On Tuesday 15 June 2010 10:38:13 am Timothy Waxland wrote:
> hi
>
> sorry - i should have included this - i'm using 2.1.6.
Any chance you could at least try with a more recent version?
> the cn check is a hunch since it is unsigned (production system with
> service calls withina 'trusted' network). the service is never hit the
> dump occurs here:
>
> java.lang.NullPointerException at
> com.sun.xml.messaging.saaj.soap.impl.FaultImpl.setFaultCode(FaultImpl.java:
> 171)
Would probably need the full stack trace, at least the lines in the
org.apache.cxf packages. That said, if it could be duplicated with 2.2.9,
that would be preferred.
> i'm trying to rule out numerous things - its been rather tough to
> debug this one. i had a look at the docs here:
> http://www.opendocs.net/apache/cxf/2.2.4/client-http-transport-including-ss
> l-support.html - a very good reference and suggests WEB-INF/classes should
> be fine.
That should be fine. However, the setFaultCode NPE might be hiding the
"real" error. I'm hoping a new version of CXF may allow the real exception
to propagate up through better.
Dan
>
> thanks
> Tim
>
> On Wed, Jun 16, 2010 at 12:34 AM, Glen Mazza <gl...@gmail.com> wrote:
> > What version of CXF are you using?
> >
> > Timothy Waxland wrote:
> >> hi
> >>
> >> i'm trying to use the disableCNCheck flag and i'm not convinced its
> >> being applied correctly or perhaps at all. when using a self-signed
> >> cert the request fails to hit the web service host and returns no
> >> fault code or similar - it actually throws a null pointer exception
> >> when generating the soap fault as qname for the fault is null.
> >>
> >> i'm wiring cxf with spring. i have cxf.xml in the WEB-INF/classes dir
> >> with the following:
> >>
> >> <beans xmlns="http://www.springframework.org/schema/beans"
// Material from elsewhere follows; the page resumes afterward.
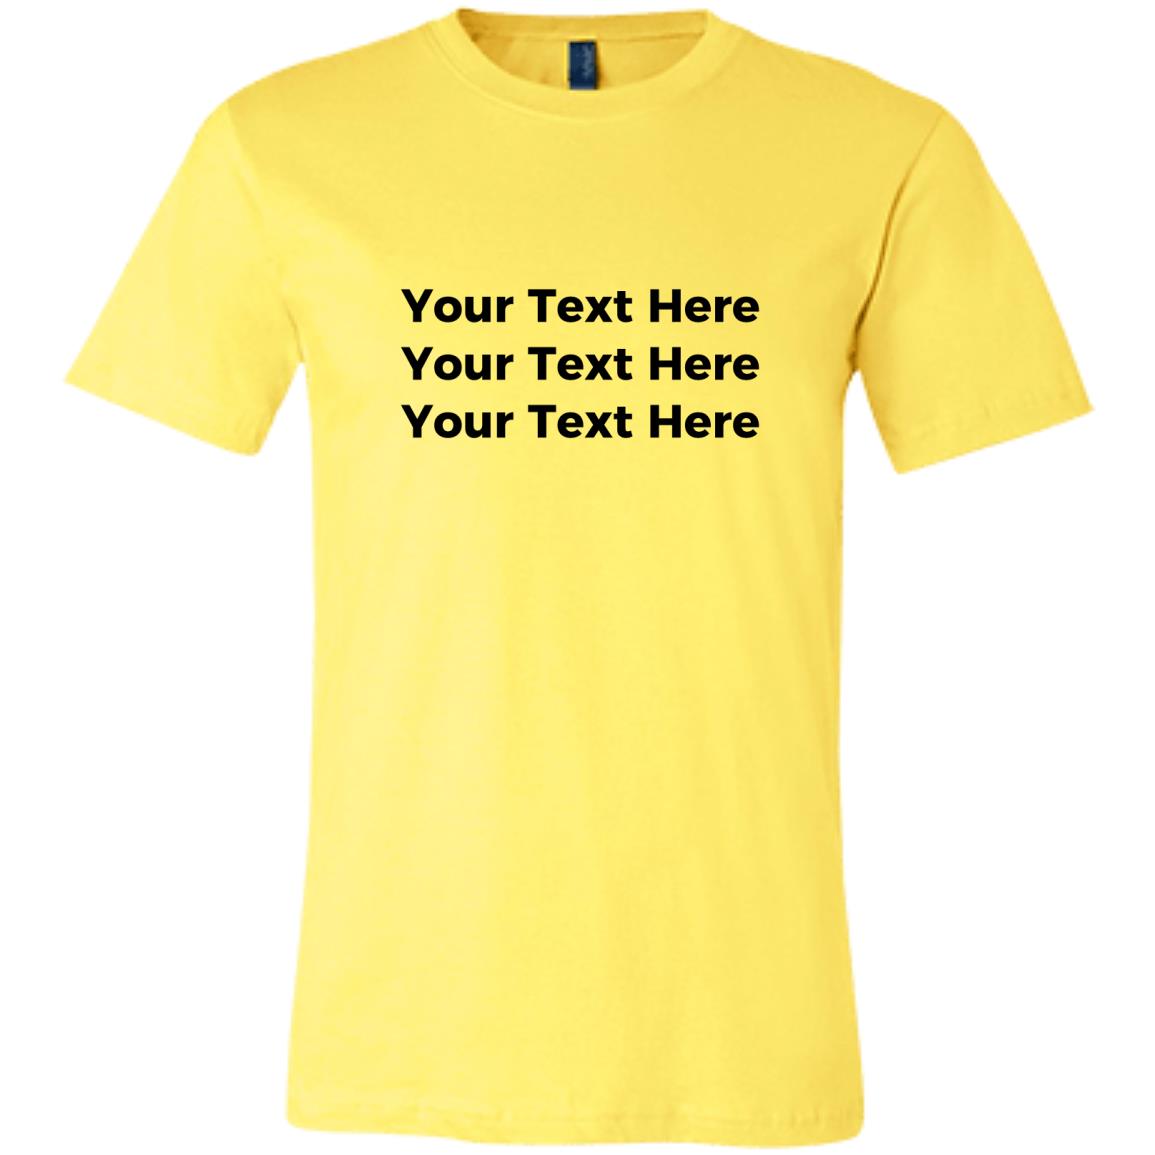 PERSONALIZED BLANK T-SHIRT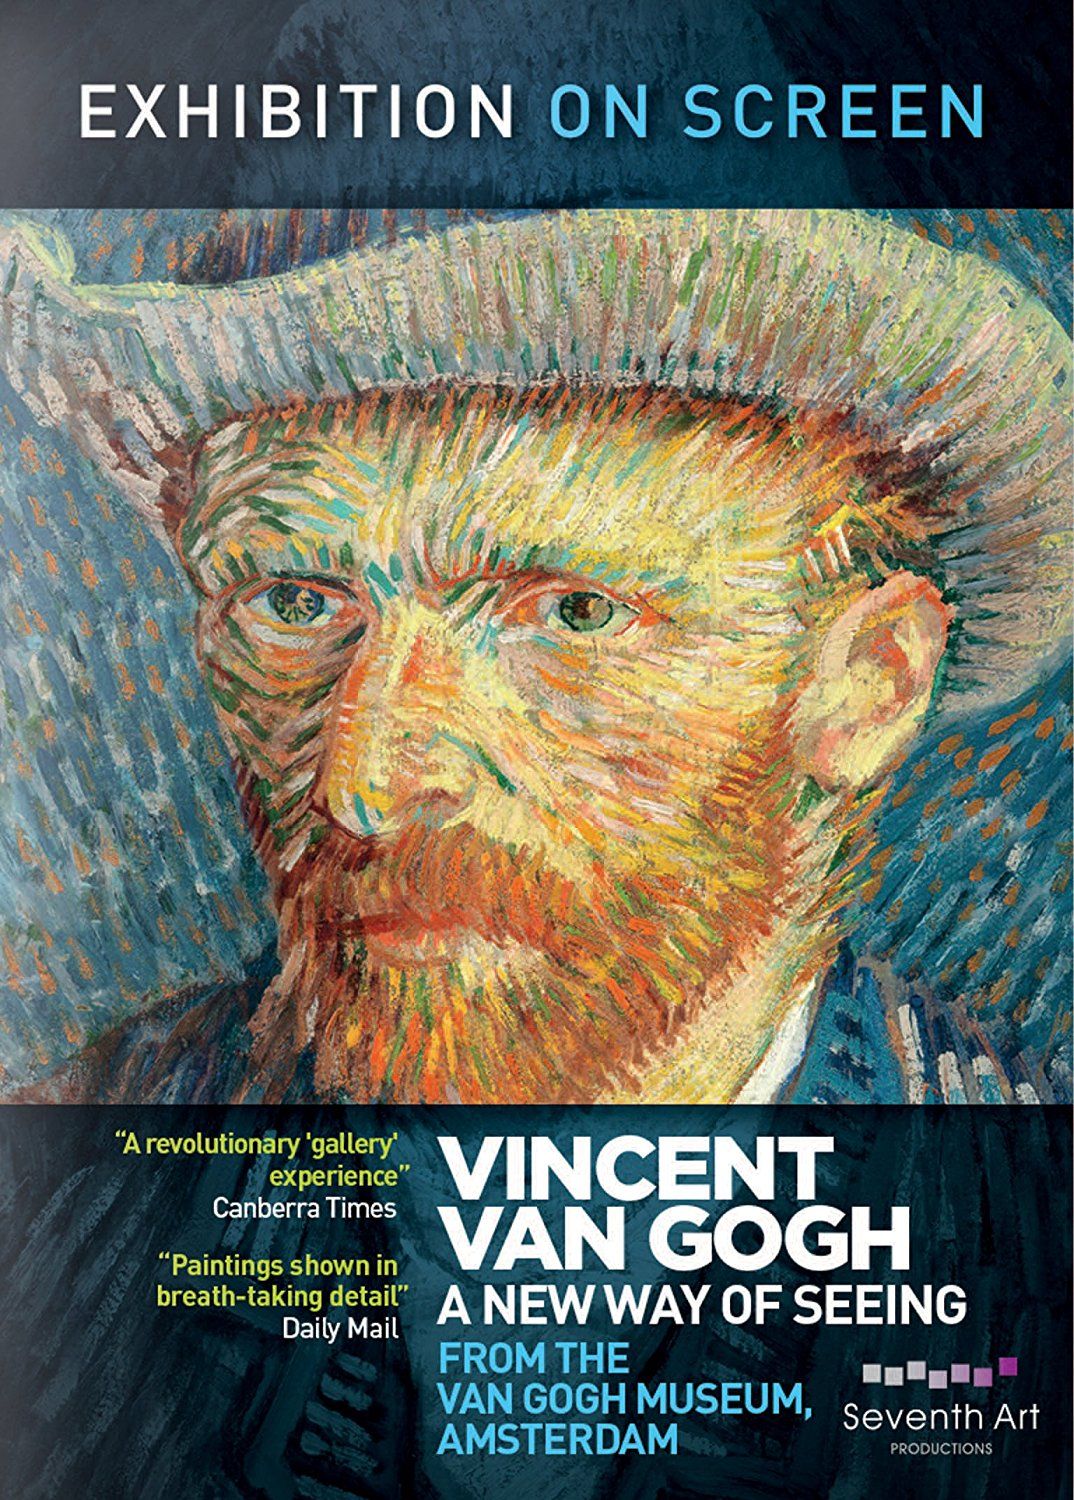 VINCENT VAN GOGH: A NEW WAY OF SEEING (ENCORE) EXHIBITION ON SCREEN

> >> xmlns:xsi="http://www.w3.org/2001/XMLSchema-instance"
> >> xmlns:http="http://cxf.apache.org/transports/http/configuration"
> >> xmlns:jaxws="http://cxf.apache.org/jaxws"
> >> xsi:schemaLocation="http://www.springframework.org/schema/beans
> >> http://www.springframework.org/schema/beans/spring-beans-2.0.xsd
> >>
> >> http://cxf.apache.org/transports/http/configuration
> >> http://cxf.apache.org/schemas/configuration/http-conf.xsd
> >> http://cxf.apache.org/jaxws
> >> http://cxf.apache.org/schemas/jaxws.xsd">
> >>
> >> <import resource="classpath:META-INF/cxf/cxf.xml"/>
> >> <import resource="classpath:META-INF/cxf/cxf-extension-soap.xml"/>
> >> <import resource="classpath:META-INF/cxf/cxf-servlet.xml"/>
> >>
> >> <http:conduit name="*.http-conduit">
> >> <http:tlsClientParameters disableCNCheck="true"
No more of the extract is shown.